FLSA Flapjack Flop: Michigan Pancake House to Pay $245K for Noncompliance

Last month, a Michigan pancake house with restaurants in Kalamazoo and Benton Harbor was ordered to pay $245,000 in back wages and damages to 118 employees and retrain all of its managers to comply with the Fair Labor Standards Act (the FLSA). The court order was entered after the Department of Labor investigators found that the owners were violating the FLSA by requiring servers to pay $2 an hour from their tips, failing to pay overtime, and making employees pay for missed orders and uniforms. The Grand Rapids District Director of the Wage and Hour Division stated that this order “should serve as a wake-up call” to other restaurants.

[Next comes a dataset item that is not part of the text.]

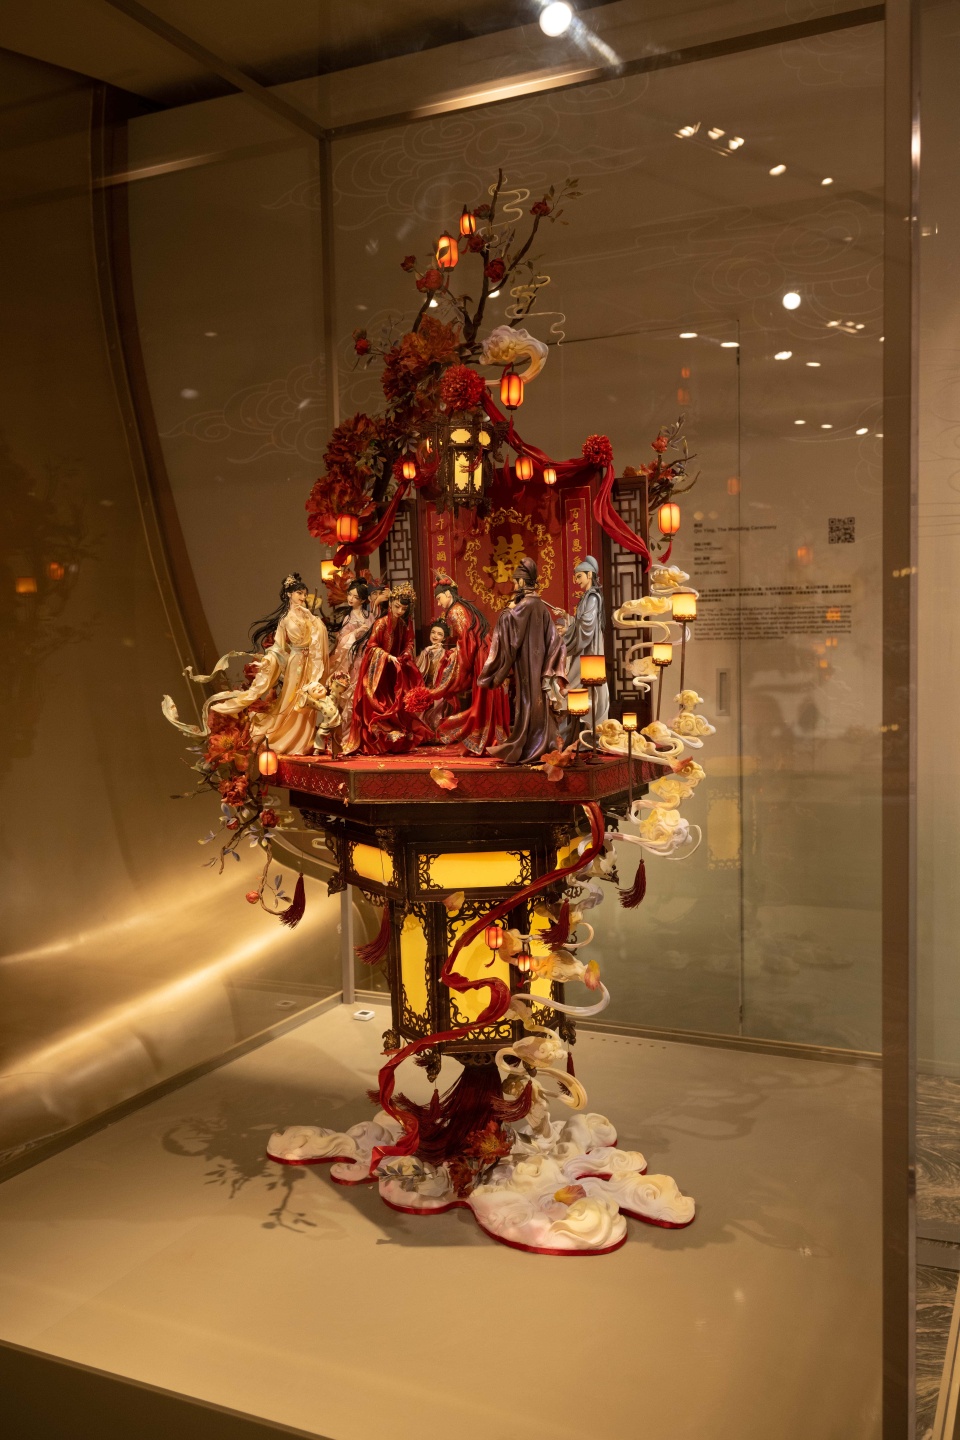 「中國糖王」周毅翻糖雕塑展澳門舉行-用蛋糕藝術展現中華文化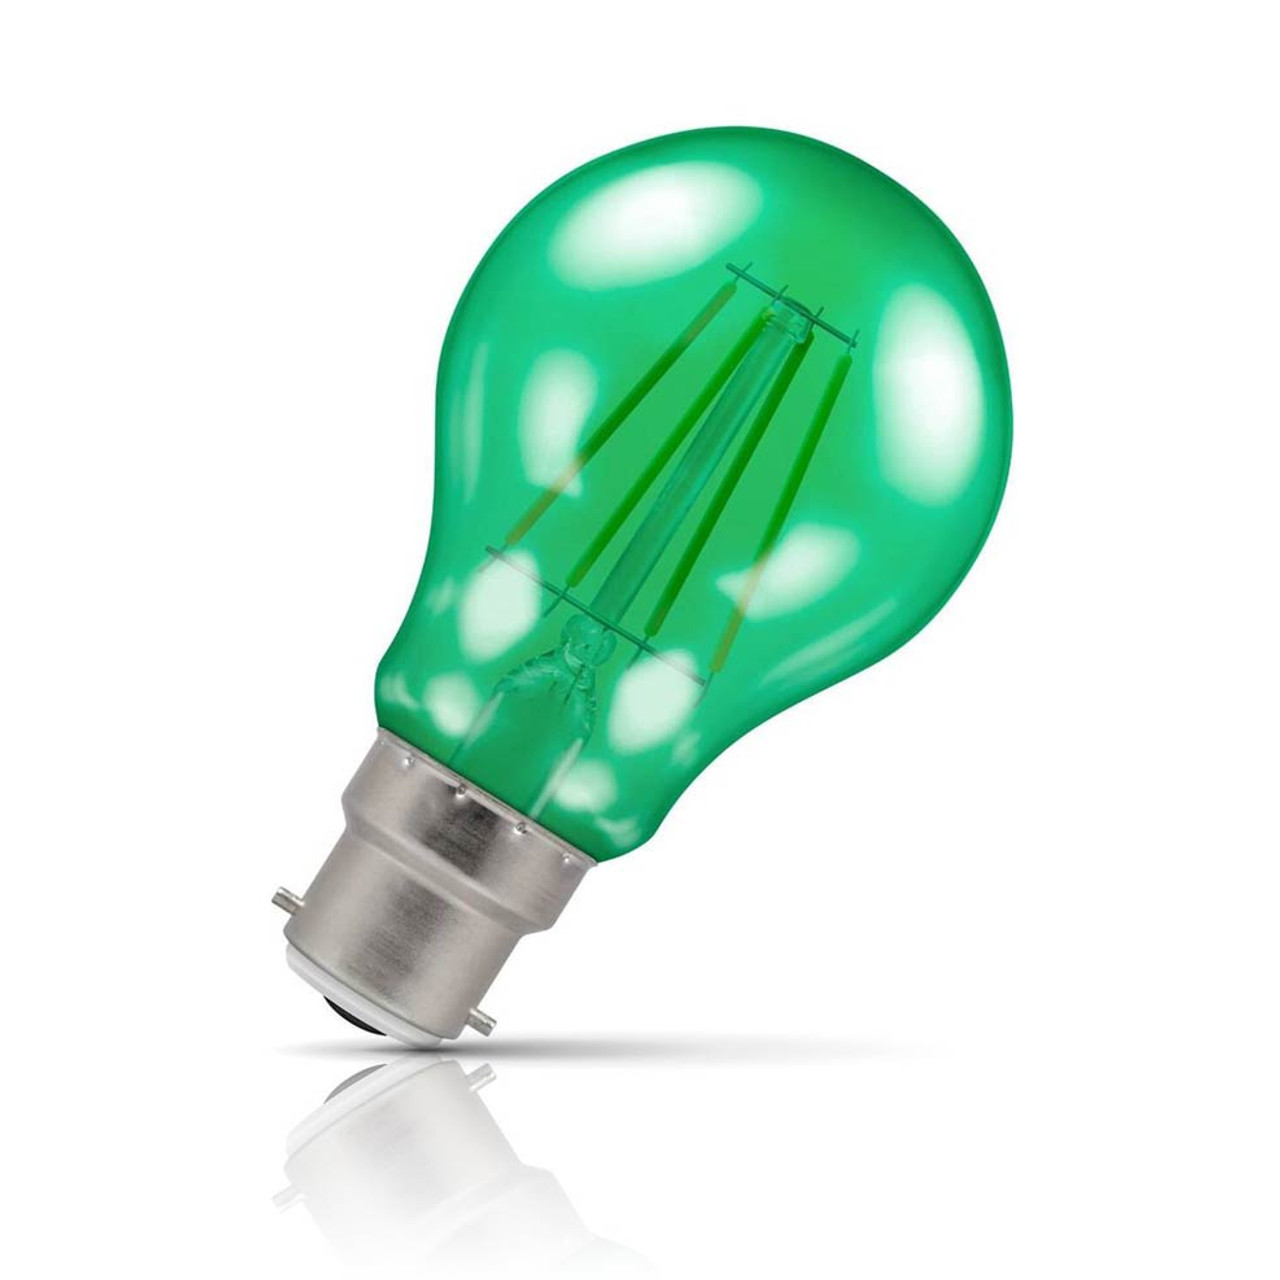 LED Light Bulb Buying Guide - The Lightbulb Co. UK

Unless otherwise exempt, the FLSA generally requires that employees be paid minimum wage and overtime for all hours worked over forty (40) in a workweek. Employers in the restaurant industry and other predominately-tipped industries often rely on tips to offset their minimum wage obligations to tipped employees. However, in order to lawfully credit tips received toward the minimum wage obligation (and pay employees at a rate less than Michigan’s minimum wage of $8.50), employers must strictly comply with the FLSA and Michigan tip-credit notice and calculation requirements. Additionally, if tipped employees are participating in tip pools, the tip-pooling arrangements must be valid and include only tipped workers.
Failing to strictly comply with the FLSA and Michigan requirements related to tipped employees can be extremely costly for employers. First, the FLSA permits employees to recover two (2) years of back wages, or three (3) years in the event of willful violations. Further, when proper notice of tip credit is not provided, the back wages are calculated using the higher minimum wage and not the lower wage for tipped employees, which could result in a difference of up to $5.27 an hour per tipped employee for every hour worked for the past two to three years. Finally, any tips received by the tipped employees during that time period are property of the tipped employee and cannot be deducted from the back wages amount.
To avoid their own “FLSA Flapjack Flops,” employers with tipped employees should consult legal counsel to review tip-pooling arrangements and prepare sufficient tip credit notices.